JSON serialized string describing the Dimension class instance.

This supplementary attribute is useful for a quick preview of the dimension object. The attribute cannot be modified.

>>> print(x.data_structure)
{
  "type": "linear",
  "count": 10,
  "increment": "5.0 G",
  "coordinates_offset": "10.0 mT",
  "origin_offset": "10.0 T",
  "quantity_name": "magnetic flux density",
  "label": "field strength",
  "description": "This is a test",
  "reciprocal": {
    "quantity_name": "electrical mobility"
  }
}
Returns:

A json serialized string of the dimension object.

Raises:

AttributeError – When modified.

Method Documentation

to(unit='', equivalencies=None, update_attrs=False)[source]

Convert the coordinates along the dimension to the unit, unit.

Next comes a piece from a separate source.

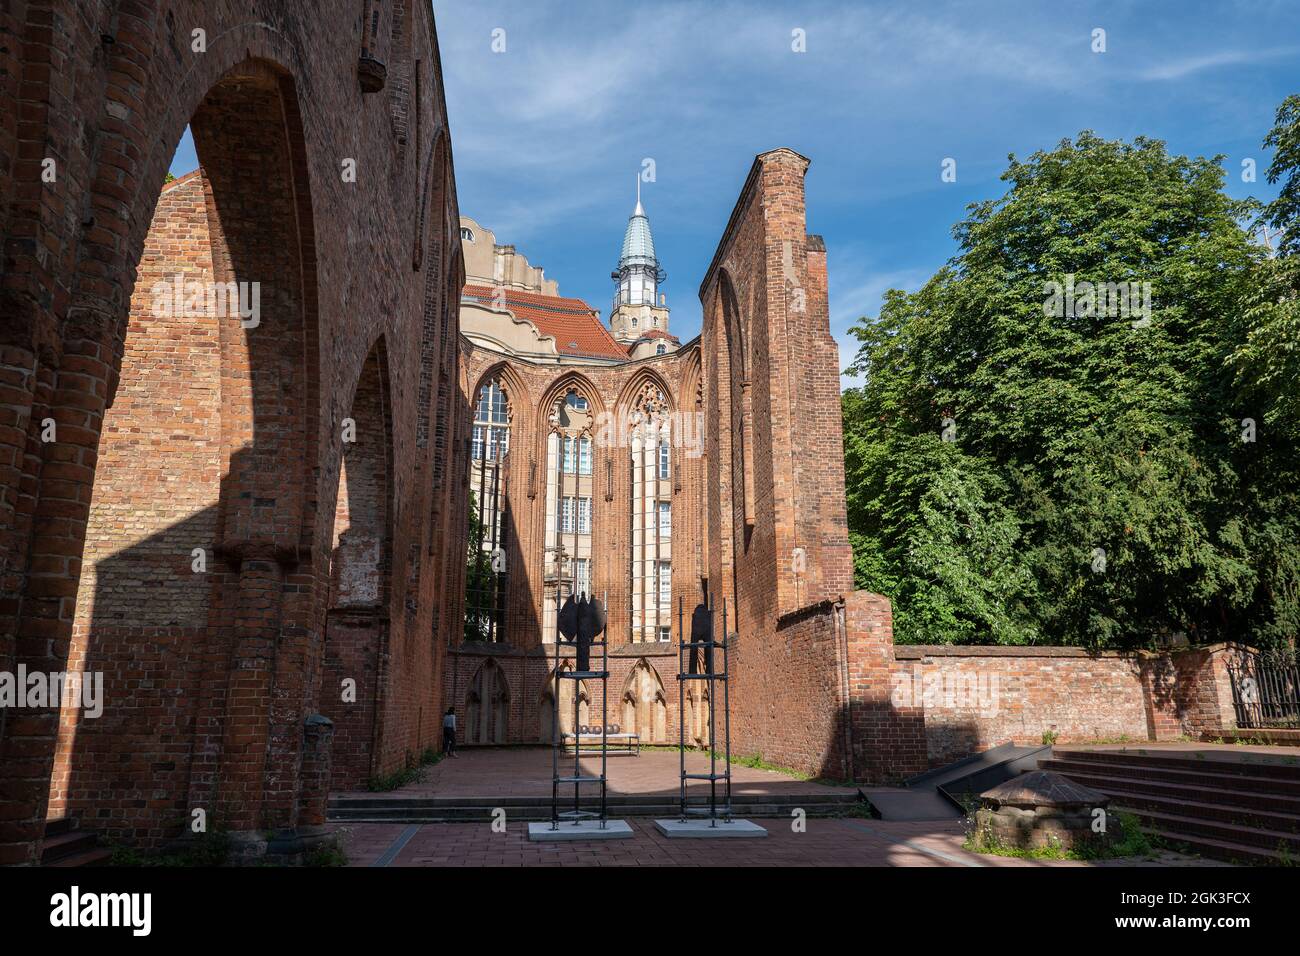 Franziskaner Klosterkirche ruins in Berlin, Germany, Gothic style monastery church founded in 1250. Stock Photo

This method is a wrapper of the to method from the Quantity class and is only valid for physical dimensions.

Example

>>> print(x.coordinates)
[100. 105. 110. 115. 120. 125. 130. 135. 140. 145.] G
>>> x.to('mT')
>>> print(x.coordinates)
[10.  10.5 11.  11.5 12.  12.5 13.  13.5 14.  14.5] mT
Parameters:
  • unit – A string containing a unit with the same dimensionality as the coordinates along the dimension.

  • equivalencies – Convert to equivalent units

  • update_attrs – Update attribute units if equivalencies is None.

Raises:

AttributeError – For labeled dimensions.

dict()[source]

Return Dimension object as a python dictionary.

Example

>>> x.dict() 
{'type': 'linear', 'description': 'This is a test', 'count': 10,
'increment': '5.0 G', 'coordinates_offset': '10.0 mT',
'origin_offset': '10.0 T', 'quantity_name': 'magnetic flux density',
'label': 'field strength'}
to_dict()[source]

Alias to the dict() method of the class.

is_quantitative()[source]

Return True if the dependent variable is quantitative.

Example

>>> x.is_quantitative()
True
copy()[source]

Return a copy of the Dimension object.

reciprocal_coordinates()[source]

Return reciprocal coordinates assuming Nyquist-Shannon theorem.

reciprocal_increment()[source]

Return reciprocal increment assuming Nyquist-Shannon theorem.